Дверь в комнату Салы была открыта. Там, широко распахнув глаза, стояла Ада. Опустив взгляд, Сала проскользнула мимо голого хозяина дома и закрыла за собой дверь. Ада бросила на нее отчаянный взгляд. Снаружи послышался глубокий вдох Изабеллы. При этом она так ужасно хрипела, что Сала испугалась за ее жизнь. Затем последовал пронзительный визг. И стало тихо. Вскоре после они услышали шаги, раздался шепот, открылась и снова закрылась дверь в хозяйскую спальню. Судя по громким стонам, начался акт примирения.
– Мама, я не хочу здесь оставаться, – сказала Ада.
47
Стоял прохладный, солнечный мартовский день. «Хуан де Гарай» прибыл в Гамбургскую гавань. Ада наблюдала с палубы за людьми на причале. Когда опустили трапы, пассажиры в радостном оживлении столпились у выхода. Взволнованная Ада бросилась вперед. Желая первой сойти с корабля, она протолкнулась мимо взрослых и приготовилась к прыжку. Но едва проход открылся, ее схватила чужая рука и резким рывком опустила на землю посреди полета. Короткая оплеуха и непонятная хриплая речь заставили девочку уступить проход. Ее первый шаг на германскую землю стал шагом на вражескую территорию. Даже солнце светило здесь с безрадостной строгостью. Аде захотелось назад на корабль, назад на родину, назад в Буэнос-Айрес. От этих пустых взглядов, от этого кудахтанья. Этот страх слезами не одолеть. Здесь – страна взрослых, и ее выбросило на берег.

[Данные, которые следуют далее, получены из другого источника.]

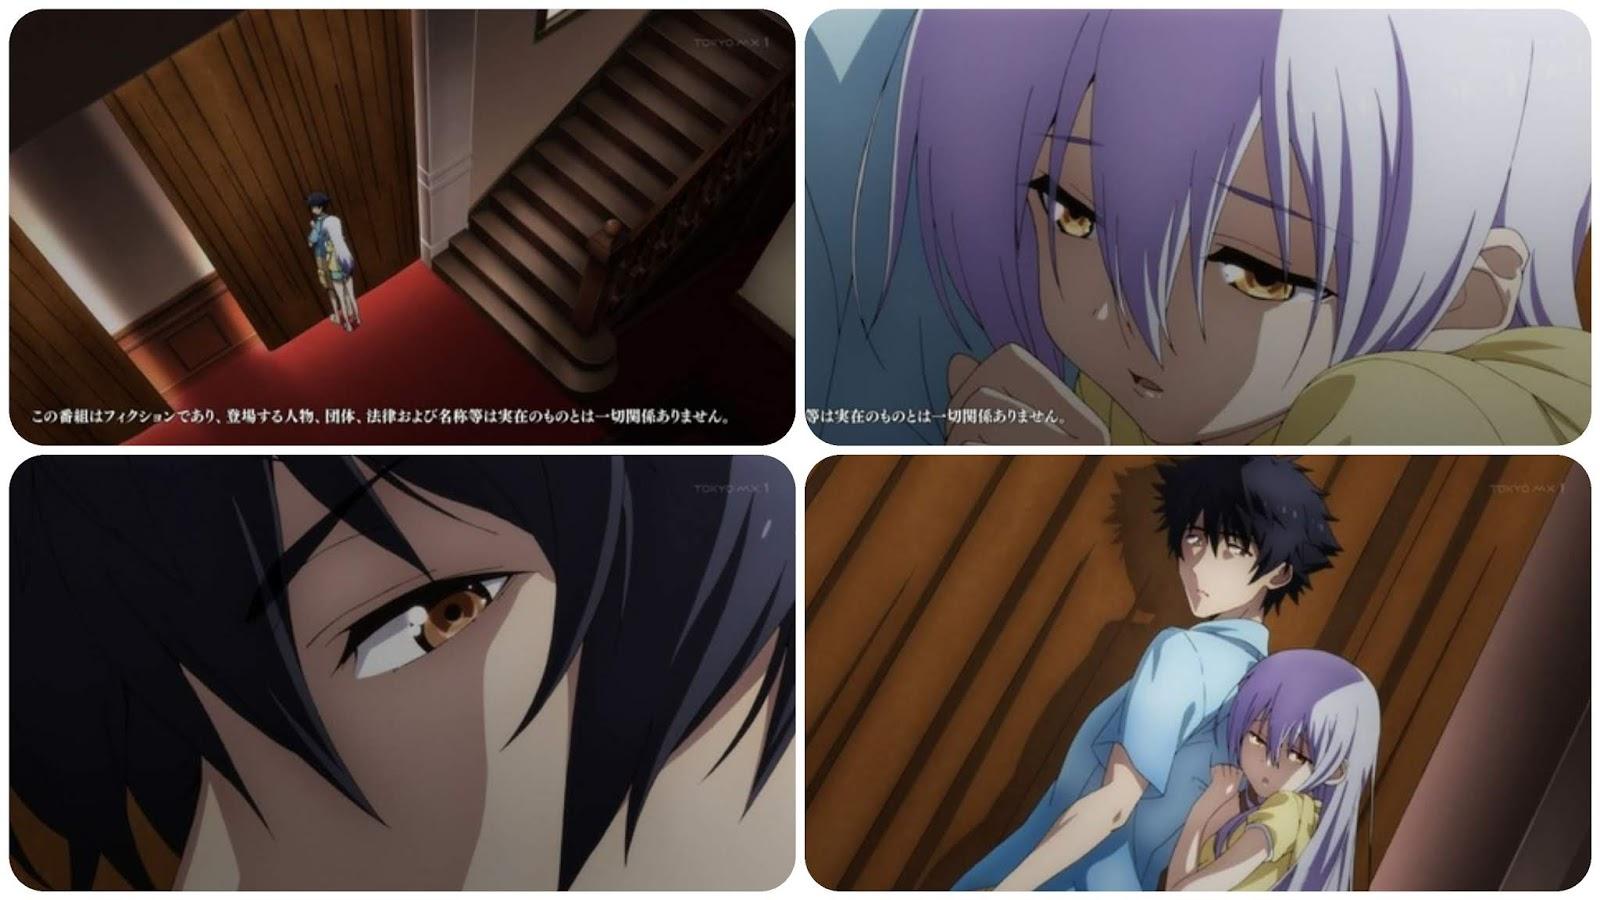 Anime Nikki: [Island] Episode 2 everyone's impressions

– Здесь с собаками обращаются лучше, чем с детьми, – сказала она матери после первой совместной прогулки. Вдалеке слышалось пьяное пение. Первую ночь обе провели беспокойно. И смогли заснуть только ранним утром. После завтрака настроение немного улучшилось. Они сели на поезд до Берлина. И просидели неподвижно почти всю поездку. Сала была рада вернуться, но боялась своей родины. Гюрс и воспоминания из детства возникали на фоне пролетающего в окне пейзажа. Перед ней сидела Ада. Будущее есть.

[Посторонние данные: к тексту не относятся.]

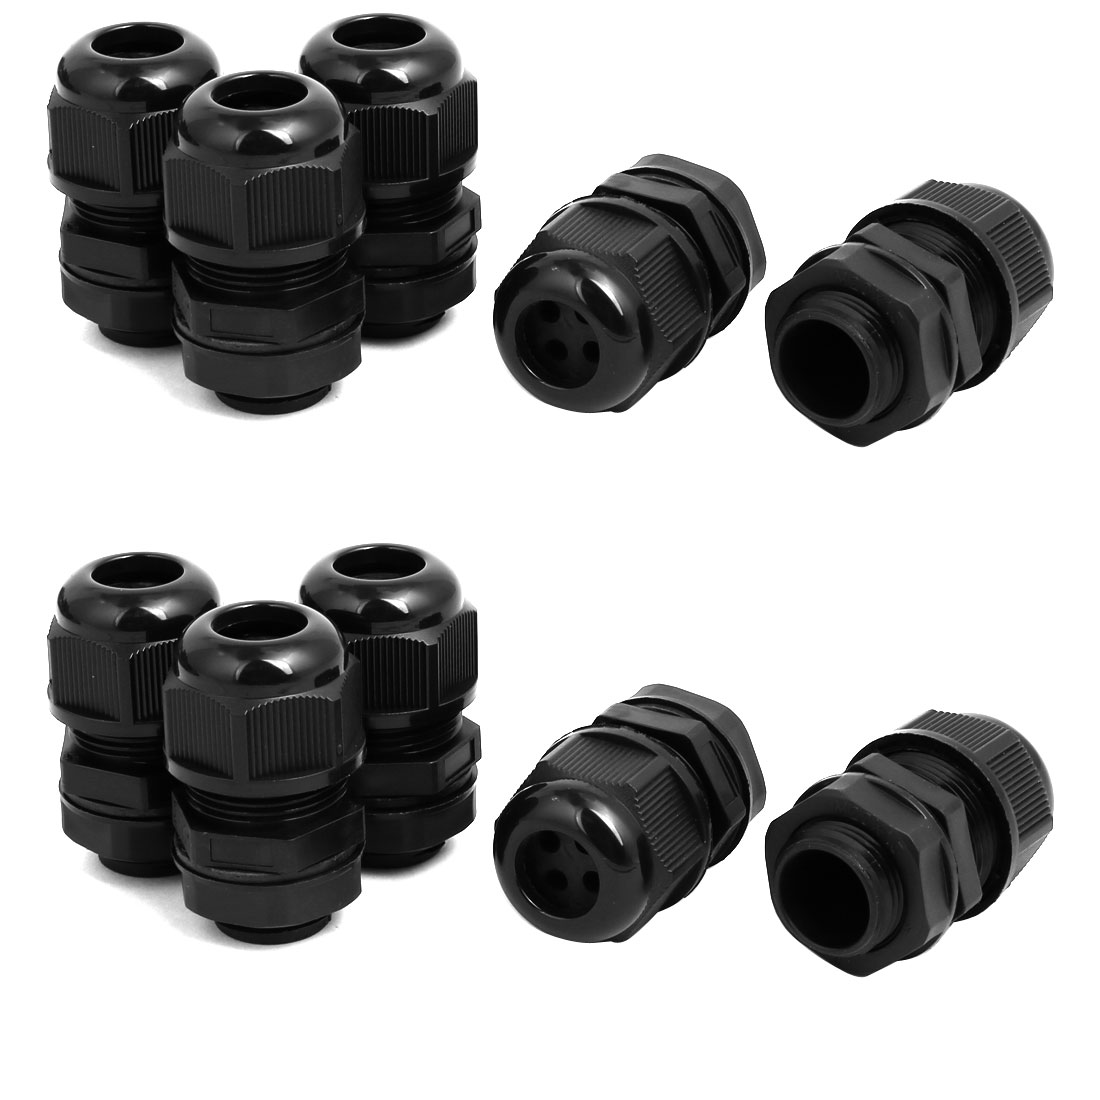 M20 x1.5mm 2mm-3.2mm 4 Holes Adjustable Cables Gland Black 10pcs

Они медленно поднялись по лестнице. Мопп Хайнеке открыла дверь. Бросившись в ее объятия, Сала пыталась вспомнить, что происходило тогда, в Лейпциге, что она чувствовала, что видела. Воспоминания пронеслись мимо, словно люди, которым нужно уступить дорогу. Они расспрашивали друг друга о незначительных деталях и слушали рассказы, словно наконец смогли пролистать старые газеты у парикмахера. Иногда обе умолкали, будто хотели немного обдумать услышанное, чтобы потом еще быстрее поспешить вдогонку за мыслями, схватиться за ручку уходящего поезда и в последний момент запрыгнуть в вагон, уносясь в утраченное время. Вечером они уютно устроились на маленьком балкончике Мопп. На улице горланили мужские голоса.
– Где находится Тризонезия, мама?
Сала ненадолго задумалась, а потом расхохоталась.
– Здесь… Они имеют в виду Берлин… Да уж, умо-о-ора: Тризонезия!
Она затряслась, из глаз побежали слезы.
– Ты плачешь? – спросила Ада, взяв ее за руку.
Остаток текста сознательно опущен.